There are scenarios under which the Pentagon's dire investment outlay forecast could be correct, said Roman Schweitzer, defense industry analyst at Guggenheim Securities. Cuts to procurement spending in the overseas contingency operations war budget could be a factor. Another could be the automatic sequester cuts from fiscal year 2013, which likely forced the Pentagon to liquidate prior-year unobligated funds.

"Clearly something is off, but we’ve been unable to uncover the answer," said Schweitzer. It is possible that transfers or reprogramming could be reason for the disconnect. He noted that there are five months left in the fiscal year and outlay swings could still occur.

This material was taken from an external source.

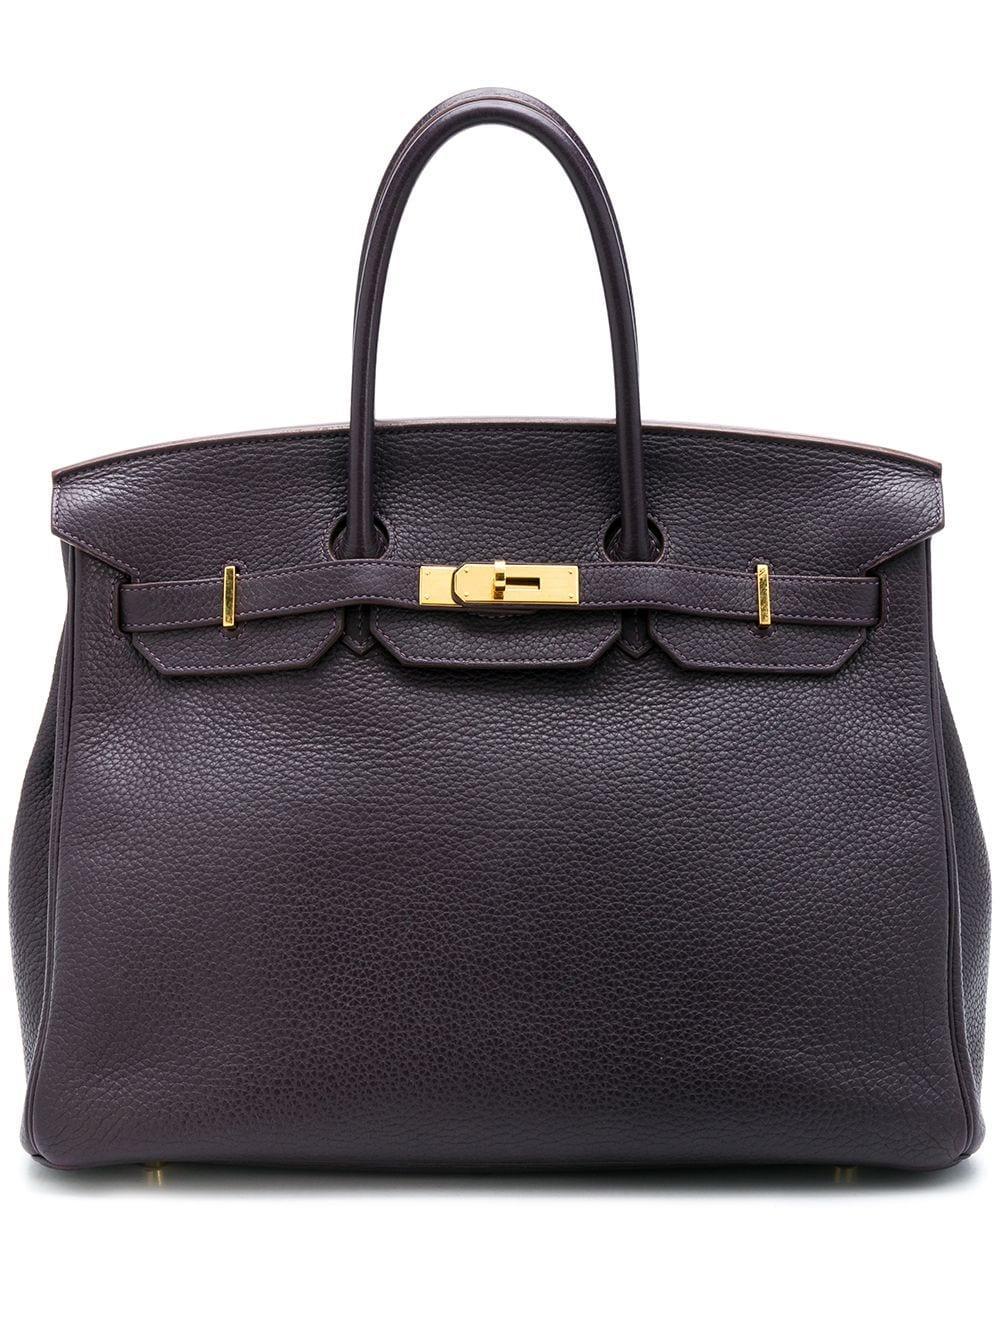 HermÈs Raisin Clemence 35cm Birkin Bag

What frustrates investors is that many assumed 2014 was going to be the trough, and investment spending — based on the Obama administration’s five-year forecast — would begin to tick up in 2015, he said. "If the Pentagon's numbers are wrong, then it's unclear whether 2014 or 2015 is the bottom." The industry understands that outlay projections are estimates, and usually imprecise. But if investment spending does drop below budget authority, the implication could be that sequester is "flowing through the system" and that lean times will last longer than predicted. So far, top defense contractors have stuck to their projections of single-digit drop in revenues, said Schweitzer. "They don't show the huge drop the Pentagon is showing." So far, said Schweitzer, contractors have shrugged off the idea that a gigantic plunge in outlays would hit them this year.

But if the 2013 sequester is just starting to work itself into the system, investors will wonder whether the worst is over, or is there one more bad year in 2015? Schweitzer believes that if the data for 2014 is wrong, questions will be raised about the accuracy of the 2015 data. "Are we at the bottom now or will there be another drop next year because of some catch-up effect?"

Strauss said investors worry about the Pentagon forecasting modernization outlays that are $7 billion short of budget authority. Generally, the floor for outlays should be about equal to budget authority. "Defense companies are telling us revenues will decline 3 to 5 percent, and revenues generally track outlays," he said. If the bottom is $148 billion and the current spending rate is $170 billion, that implies a 13 percent revenue decline, Strauss added. "Whether it happens in one or two years, it's a deeper drop than what investors are anticipating.”

Adding to the uncertainty for investors is the possibility that Congress will stick to the Budget Control Act spending limits set for 2016 and beyond, and will reject the administration’s proposal to increase defense caps by $115 billion over the next five years.

“What will happen beyond fiscal year '14 and '15 once we get through this budget cycle on '15 and to '16 is we have an uncertain situation. That is when sequestration would come back into place unless Congress does something about that,” Lockheed Martin CEO Marillyn Hewson said May 29 at an investors conference.

Hewson said she remains optimistic. “We may still see some cuts in fiscal year '16 and beyond, but not at the sequestration level.”